When you eat bliss-engineered foods, the rapid breakdown of refined carbs and fats floods the bloodstream, signaling the release of dopamine into the nucleus accumbens. This “hit” feels euphoric but brief, prompting more consumption to chase it.
Unlike whole foods, which release nutrients slowly and sustain satiety, these products are designed for quick peaks without fullness, exploiting the brain’s evolutionary wiring for calorie-dense rewards.
Chronic use leads to neuroadaptations: fewer D2 dopamine receptors (downregulation) and altered prefrontal cortex control, impairing impulse regulation.I specifically spoke of this in the video I made about alcohol doing this exact thing.
And they target kids. Take a look.
Processed Food Companies Target our Children.
Global data on food-specific ad spend to children is sparse, but the industry invests billions overall:
- Total food/soft drink advertising: >$33 billion in 2020, with much aimed at youth via digital channels (social media, influencers).
- Ad spend to children (food context): $7.5 billion in 2021 (digital: $4.6B; non-digital: $2.9B), though this may include broader youth-targeted ads.

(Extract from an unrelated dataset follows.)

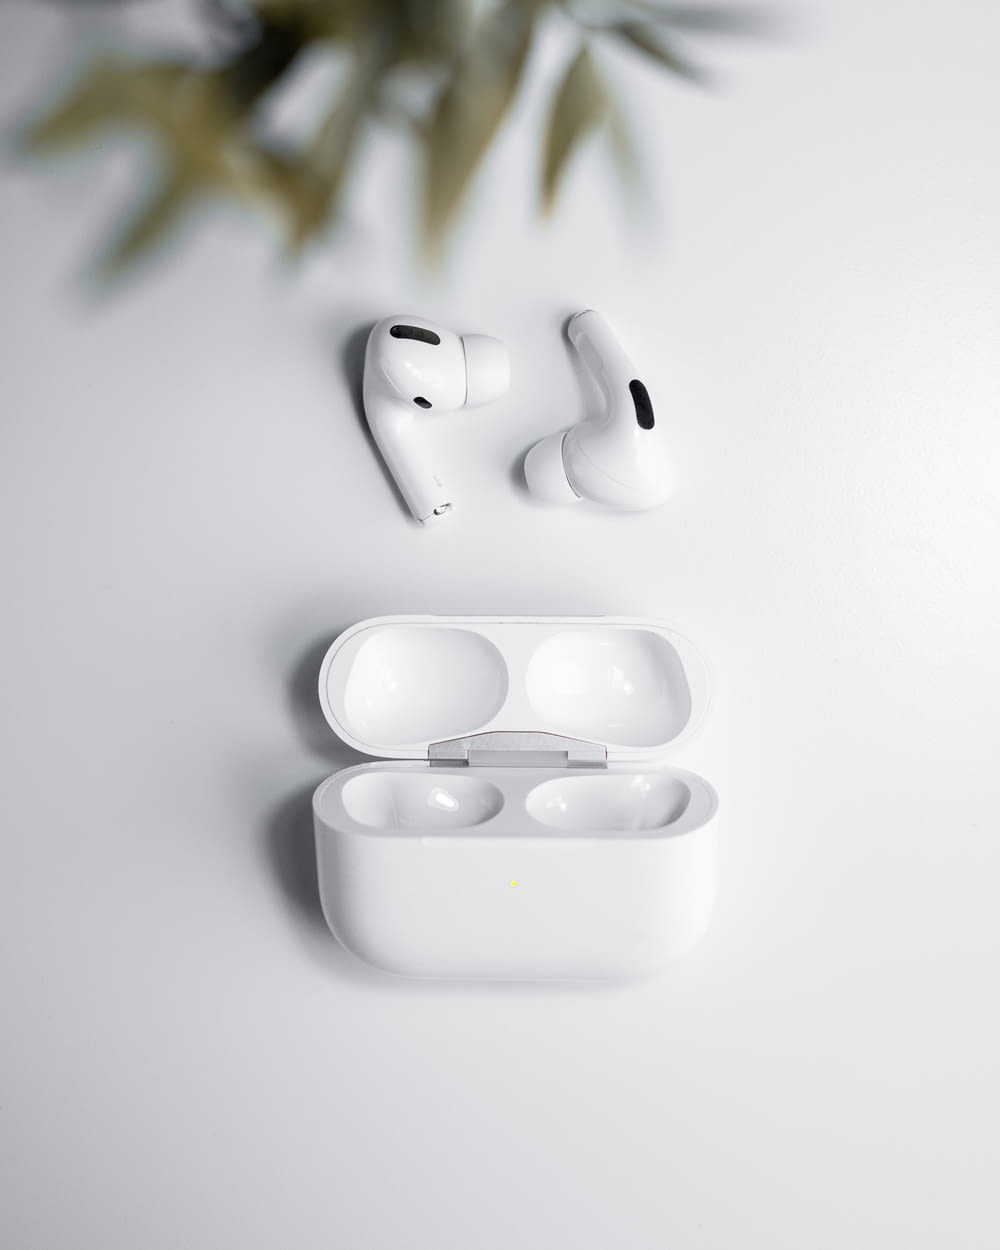 a pair of white earphones sitting on top of a table

- Exposure trends (2024 data): 75% of youth (13–24) across 171 countries saw UPF ads weekly, with 52% via social media. In middle-income countries, 85–99% of analyzed ads promote UPF exceeding WHO nutrient limits.
The generations to come, our children, are set up to fail. And if this doesn’t rip your stomach, then it’s time for a needed reframe on what matters.
Sugar, Processed Foods linked to Heart Disease.
Not only that, as we see sales of billion-dollar industries rise, we see the instances of chronic diseases follow suit. CVD is the number one cause of death in the world. The absolute number of CVD deaths and cases is surging globally, fueled by rising obesity, hypertension, and poor diets.
This trajectory aligns closely with the explosive growth in ultra-processed food (UPF) consumption, which drives food industry profits while exacerbating cardio-metabolic risks.
https://pmc.ncbi.nlm.nih.gov/articles/PMC5099084
Here’s research on the connection between sugar and coronary heart disease.
Phone Addiction Follows Processed Foods Reward System Sabotage.
That silly computer in our hands follows the same tactics. Thanks, social media. You gave billions of people a slot machine in the palm of our hands.
So use it to arm yourself. There is so much information right in your hands. Education on health and what to feed not only ourselves, but our children, is beyond important. And is becoming a priceless skill in a world of illness. And at this point, we need a massive intervention.